#### [EXERCISE DATA]
|---|

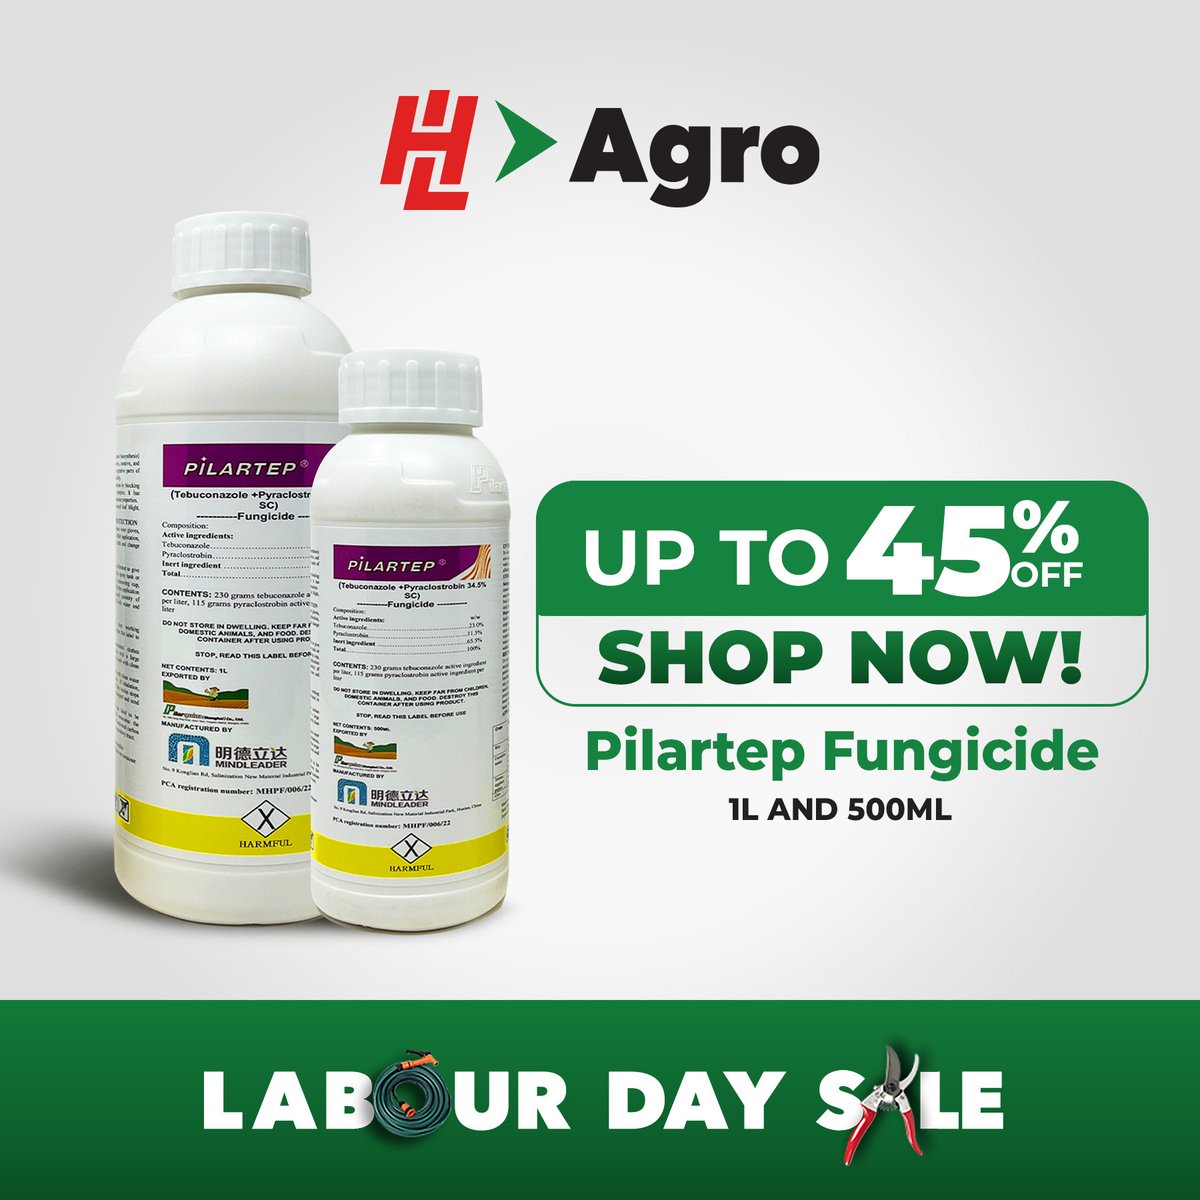 Celebrate the Labour Day Sale with up to 48% off Pilarquim Fungicides! Visit any of our stores today and take advantage of this amazing offer. #HLAgro #LabourDaySale #PilarquimFungicides #StockUpAndSave
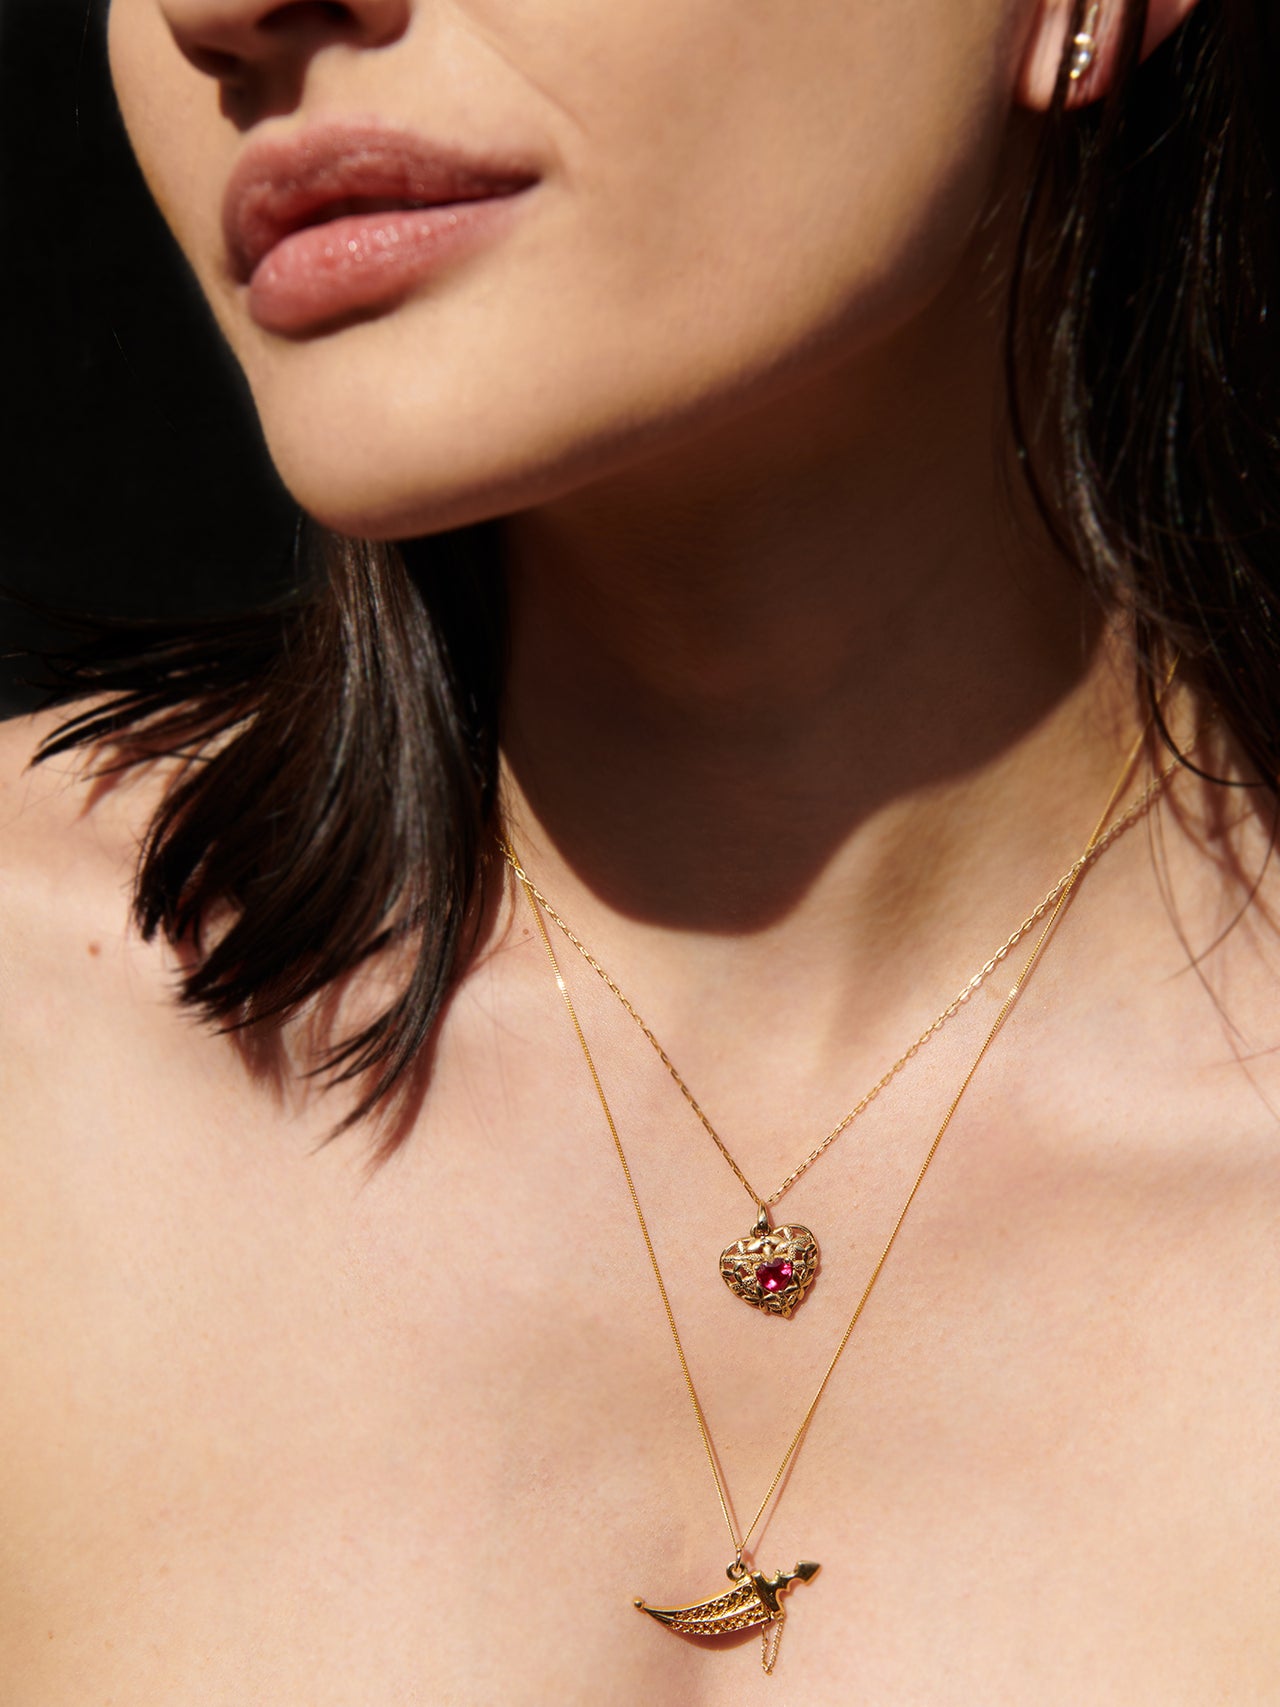 14Kt Yellow Gold Heart Gemstone Pendant Necklace pictured on model. Black background. 
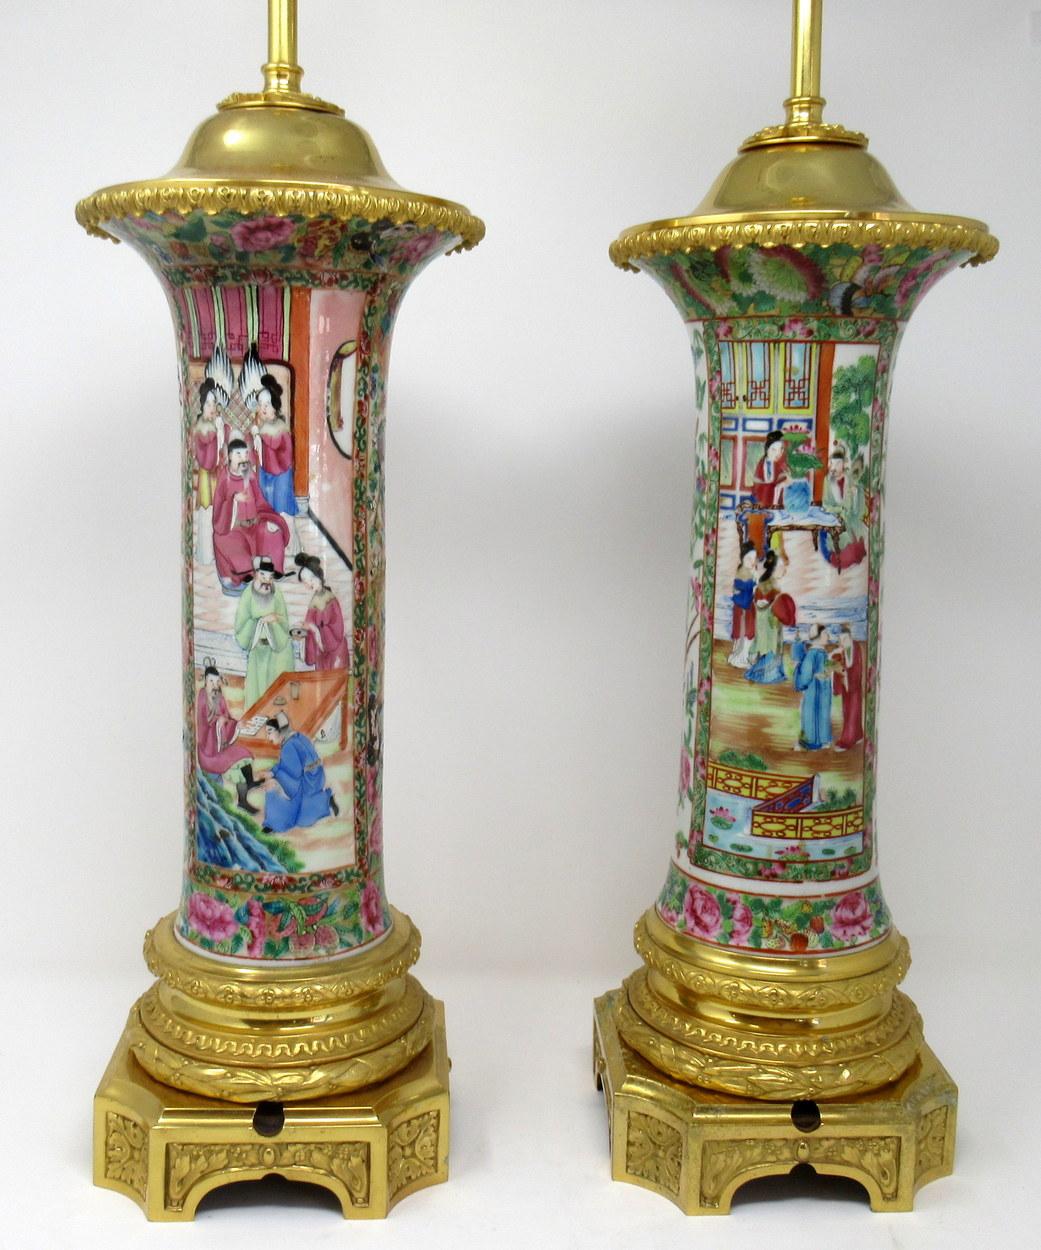 An exceptionally fine pair of Cantonese hand decorated porcelain oil lamps with ornate ormolu bases now converted to electric table lamps, of large proportions, mid-19th century. 

The main outer bodies of bulbous form with hand painted panels in

|---|

#### [ABOUT THIS TASK]
Retype each line above precisely, please. Skip anything that is a picture.

#### [RESPONSE TO THIS EXERCISE]
 Celebrate the Labour Day Sale with up to 48% off Pilarquim Fungicides! Visit any of our stores today and take advantage of this amazing offer. #HLAgro #LabourDaySale #PilarquimFungicides #StockUpAndSave
 14Kt Yellow Gold Heart Gemstone Pendant Necklace pictured on model. Black background. 
 An exceptionally fine pair of Cantonese hand decorated porcelain oil lamps with ornate ormolu bases now converted to electric table lamps, of large proportions, mid-19th century. 

The main outer bodies of bulbous form with hand painted panels in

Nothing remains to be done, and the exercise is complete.